We now define the information content (and later the depth) of finite strings using a universal Turing machine U. A universal Turing machine may be viewed as a partial recursive function of two arguments. It is universal in the sense that by varying one argument (“program”) any partial recursive function of the other argument (“data”) can be obtained. In the usual machine formats, program, data and output are all finite strings, or, equivalently, natural numbers. However, it is not possible to take a uniformly weighted average over a countably infinite set. Chaitin’s universal machine has two tapes: a read-only one-way tape containing the infinite program; and an ordinary two-way read/write tape, which is used for data input, intermediate work, and output, all of which are finite strings. Our machine differs from Chaitin’s in having some additional auxiliary storage (e.g. another read/write tape) which is needed only to improve the time efficiency of simulations.

We consider only terminating computations, during which, of course, only a finite portion of the program tape can be read. Therefore, the machine’s behavior can still be described by a partial recursive function of two string arguments U(p, w), if we use the first argument to represent that portion of the program that is actually read in the course of a particular computation. The expression U (p, w) = x will be used to indicate that the U machine, started with any infinite sequence beginning with p on its program tape and the finite string w on its data tape, performs a halting computation which reads exactly the initial portion p of the program, and leaves output data x on the data tape at the end of the computation. In all other cases (reading less than p, more than p, or failing to halt), the function U(p, w) is undefined. Wherever U(p, w) is defined, we say that p is a self-delimiting program to compute x from w, and we use T(p, w) to represent the time (machine cycles) of the computation. Often we will consider computations without input data; in that case we abbreviate U(p, Λ) and T(p, Λ) as U(p) and T(p) respectively.

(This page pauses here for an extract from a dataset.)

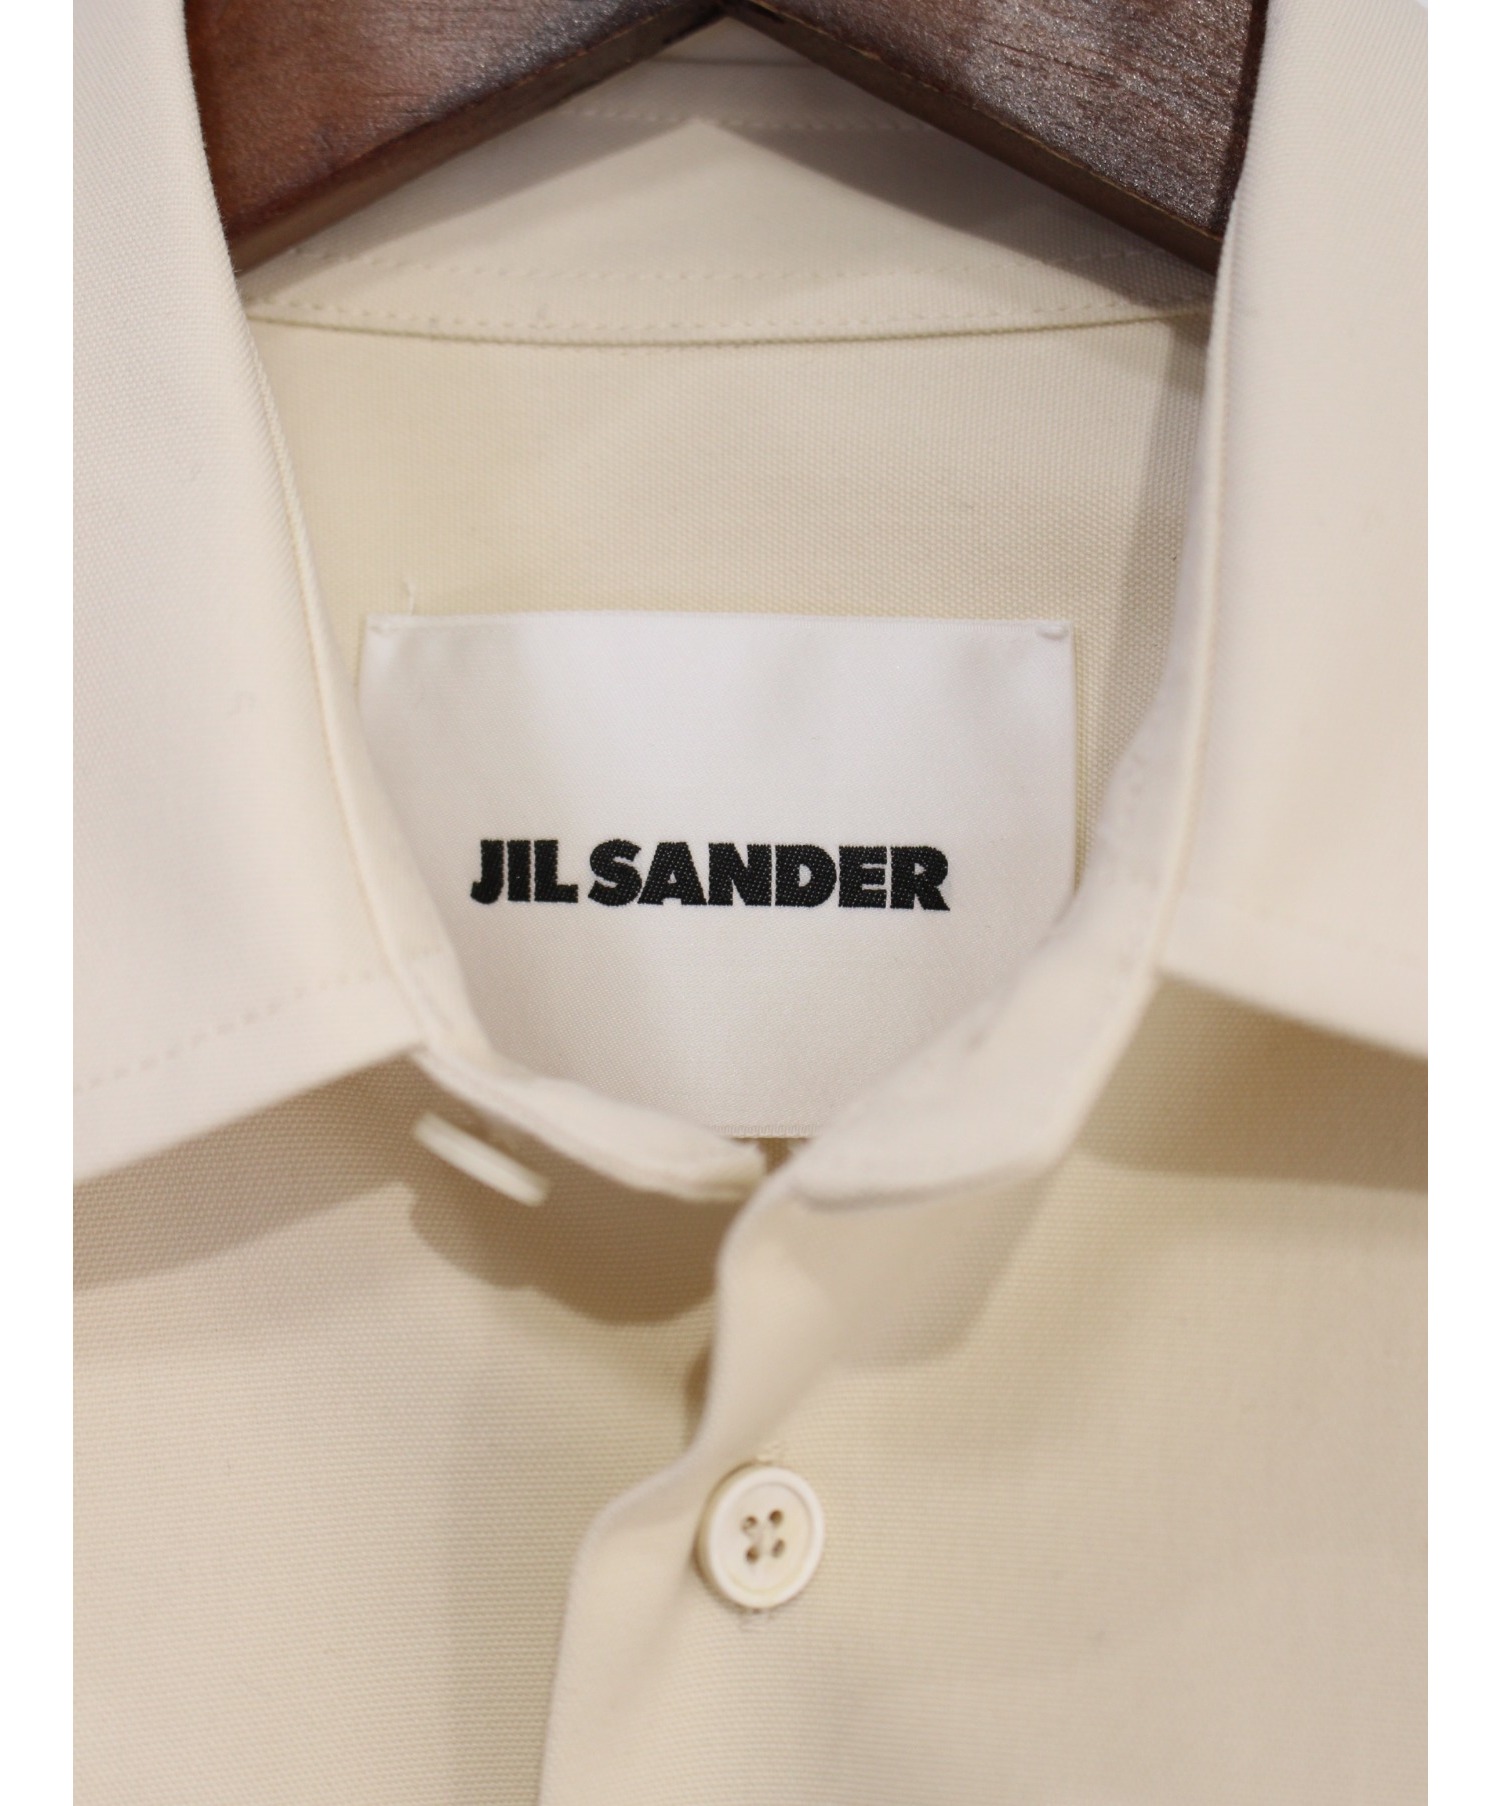 JIL SANDER (ジルサンダー) キャンバスシャツ ベージュ サイズ:SIZE 38 未使用品

The self-delimiting convention for the program tape forces the domain of U and T, for each data input w, to be a prefix set, that is, a set of strings no member of which is the extension of any other member. Any prefix set S obeys the Kraft inequality

p∈S 2−|p| ≤ 1

Besides being self-delimiting with regard to its program tape, the U machine must be efficiently universal in the sense of being able to simulate any other machine of its kind (Turing machines with self-delimiting program tape) with at most an additive constant constant increase in program size and a linear increase in execution time.

Without loss of generality we assume that there exists for the U machine a constant prefix r which has the effect of stacking an instruction to restart the computation when it would otherwise end. This gives the machine the ability to concatenate programs to run consecutively: if U(p, w) = x and U(q, x) = y, then U(rpq, w) = y. Moreover, this concatenation should be efficient in the sense that T (rpq, w) should exceed T (p, w) + T (q, x) by at most O(1). This efficiency of running concatenated programs can be realized with the help of the auxiliary storage to stack the restart instructions.

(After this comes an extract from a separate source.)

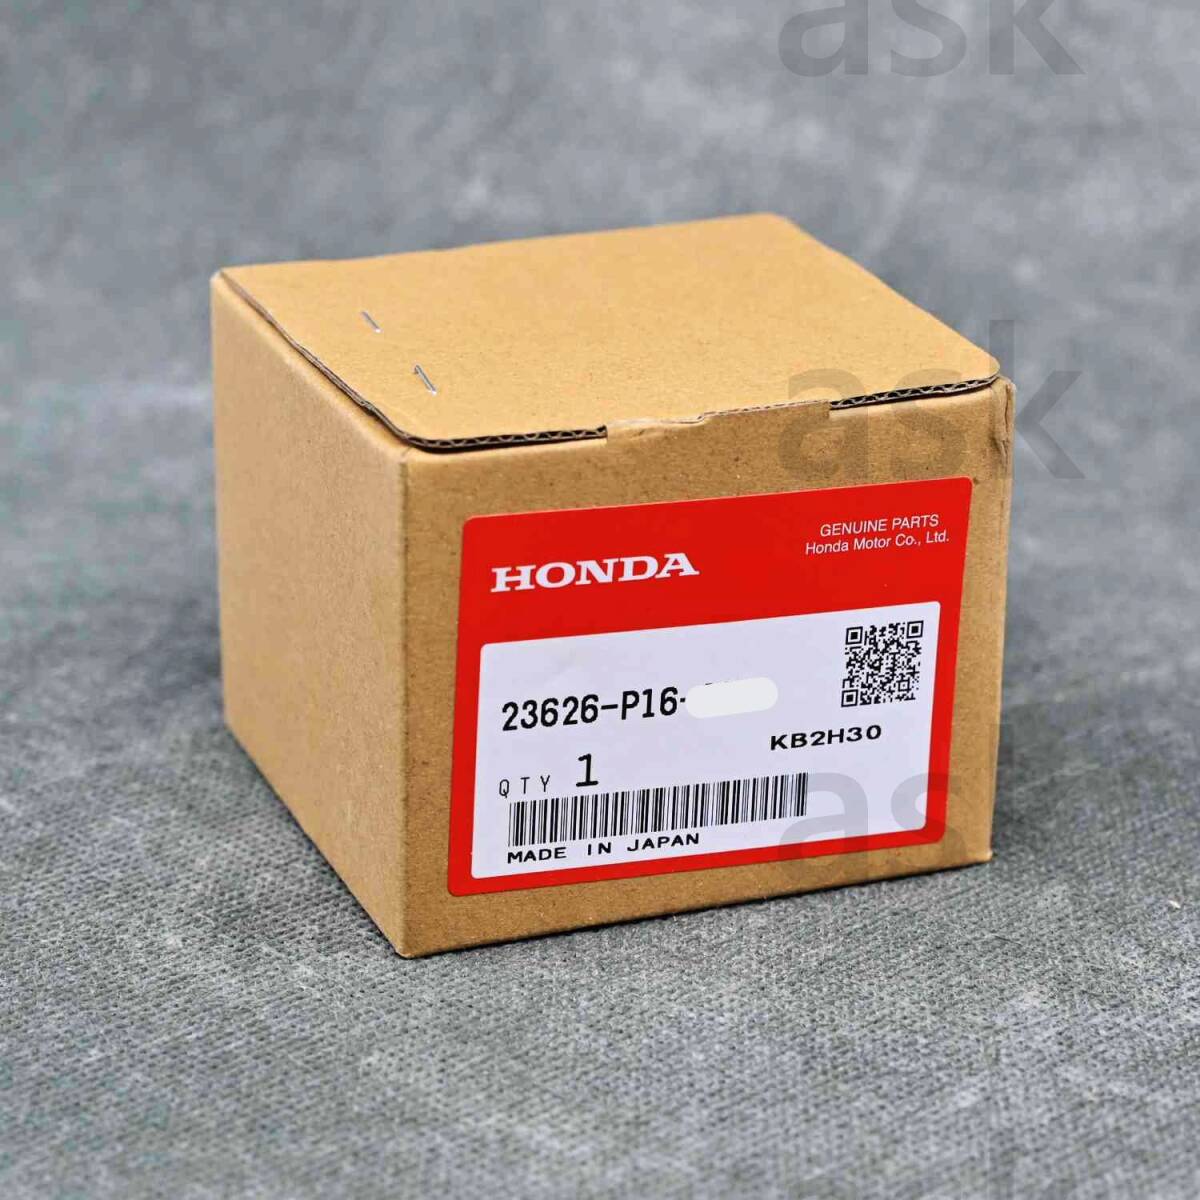 * new goods HONDA Prelude, Ascot Inova, CRV, HRV for synchronizer sleeve set (5) Synchronizer Set Honda original part

Sometimes we will generalize U to have access to an “oracle” A, i.e. an infinite look-up table which the machine can consult in the course of its computation. The oracle may be thought of as an arbitrary 0/1-valued function A(x) which the machine can cause to be evaluated by writing the argument x on a special tape and entering a special state of the finite control unit. In the next machine cycle the oracle responds by sending back the value A(x). The time required to evaluate the function is thus linear in the length of its argument. In particular we consider the case in which the information in the oracle is random, each location of the look-up table having been filled by an independent coin toss. Such a random oracle is a function whose values are reproducible, but otherwise unpredictable and uncorrelated.

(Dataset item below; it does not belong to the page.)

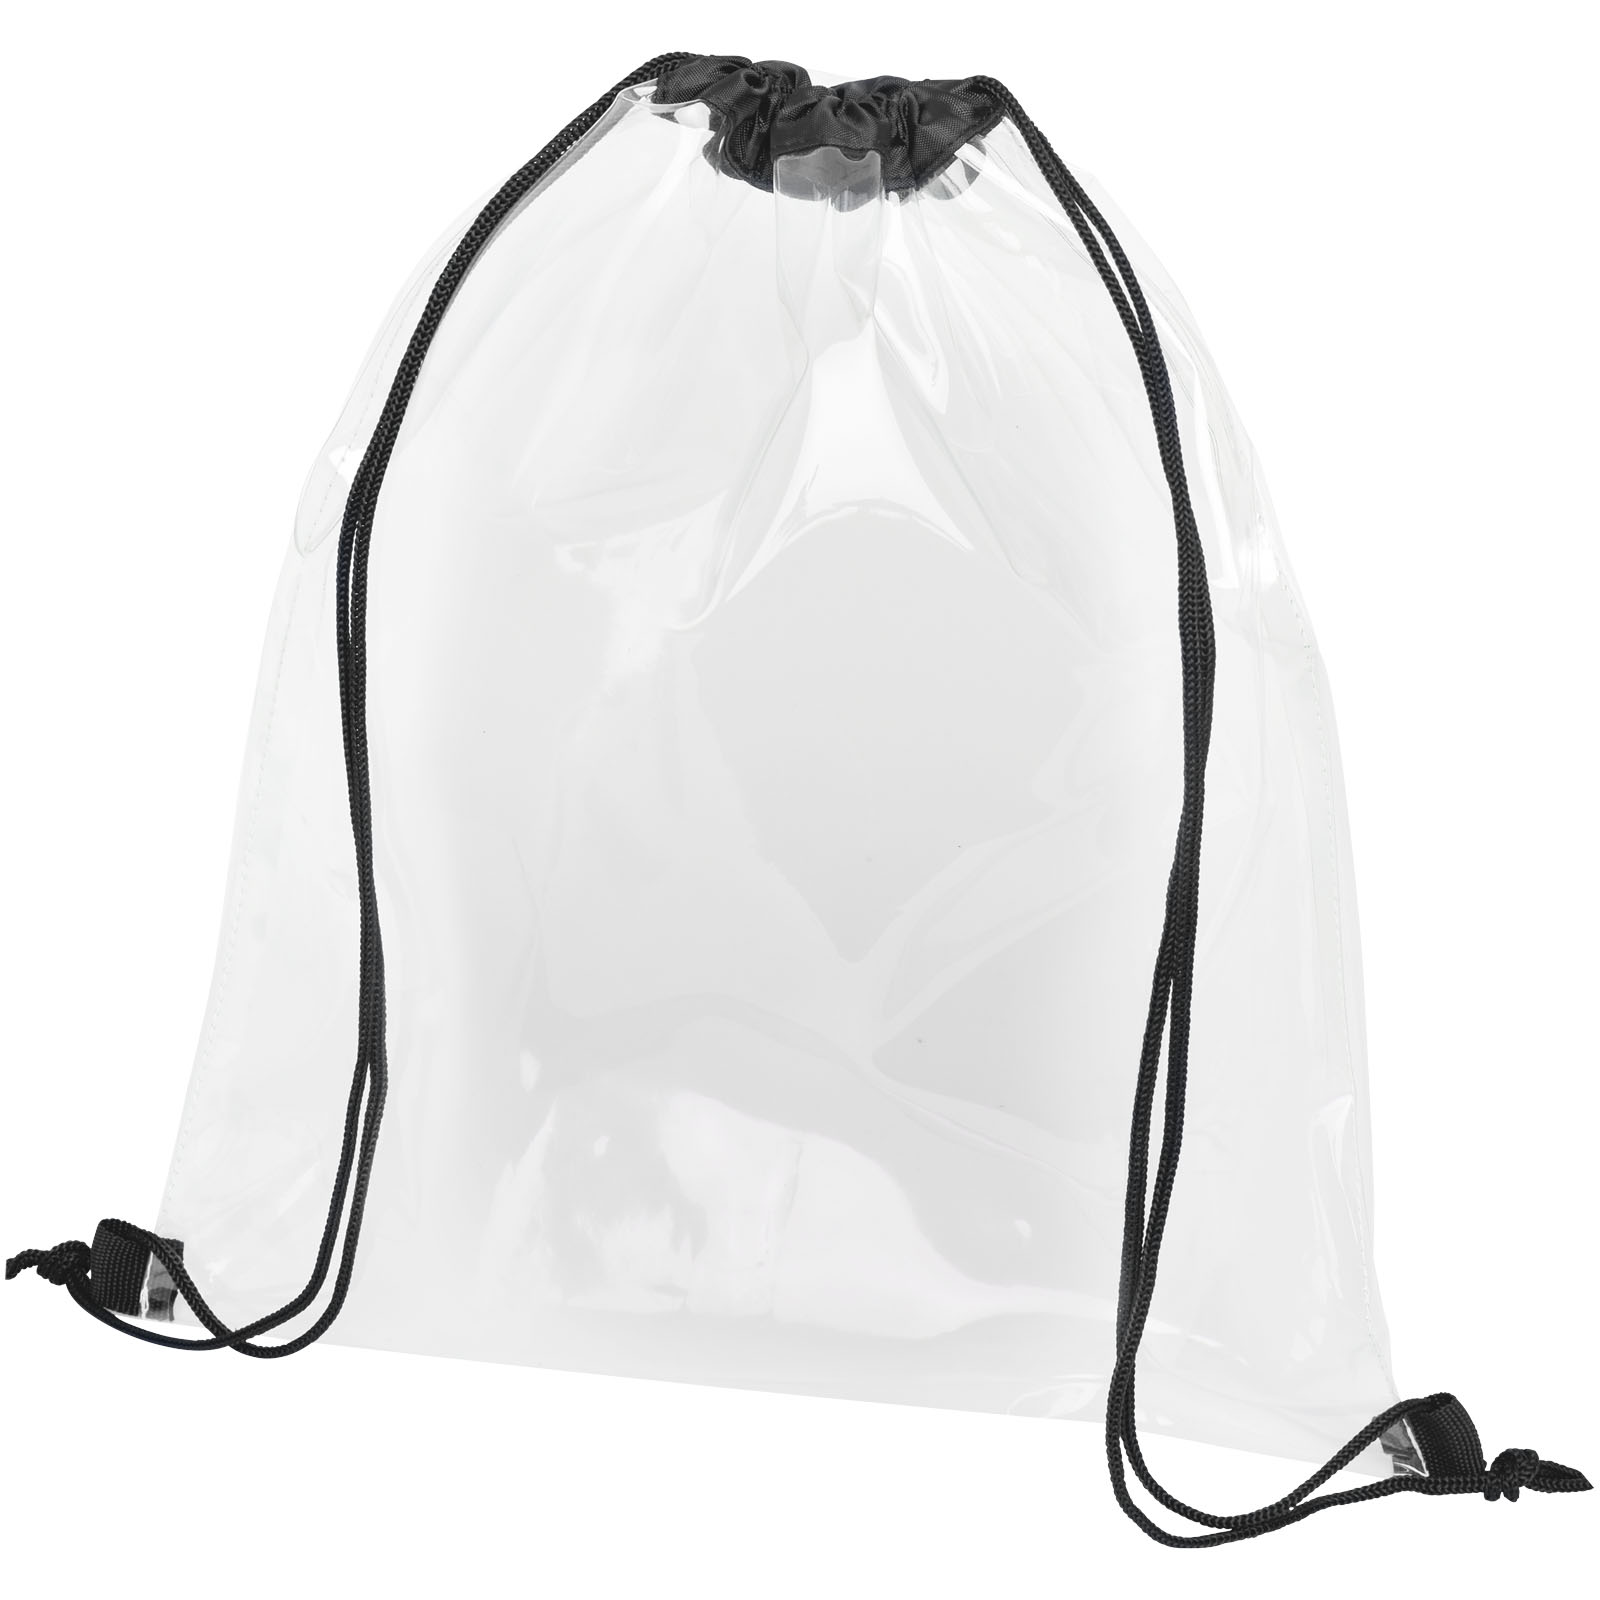 Advertising Drawstring Bags - Lancaster transparent drawstring bag 5L - 0

Let {φAi (p, w): i = 0,1,2…} be an acceptable Gödel numbering of A-partial recursive functions of two arguments and {φAi (p, w)} an associated Blum complexity measure, henceforth referred to as time. An index j is called self-delimiting iff, for all oracles A and all values w of the second argument, the set { x : φAj (x, w) is defined} is a prefix set. A self-delimiting index has efficient concatenation if there exists a string r such that for all oracles A and all strings w, x, y, p, and q,if φAj (p, w) = x and φAj (q, x) = y, then φAj(rpq, w) = y and φAj (rpq, w) = φAj (p, w) + φAj (q, x) + O(1). A self-delimiting index u with efficient concatenation is called efficiently universal iff, for every self-delimiting index j with efficient concatenation, there exists a simulation program s and a linear polynomial L such that for all oracles A and all strings p and w, and

φAu(sp, w) = φAj (p, w)

and

ΦAu(sp, w) ≤ L(ΦAj (p, w))

The functions UA(p,w) and TA(p,w) are defined respectively as φAu(p, w) and ΦAu(p, w), where u is an efficiently universal index.

For any string x, the minimal program, denoted x∗, is min{p : U(p) = x}, the least self-delimiting program to compute x. For any two strings x and w, the minimal program of x relative to w, denoted (x/w)∗, is defined similarly as min{p : U(p,w) = x}.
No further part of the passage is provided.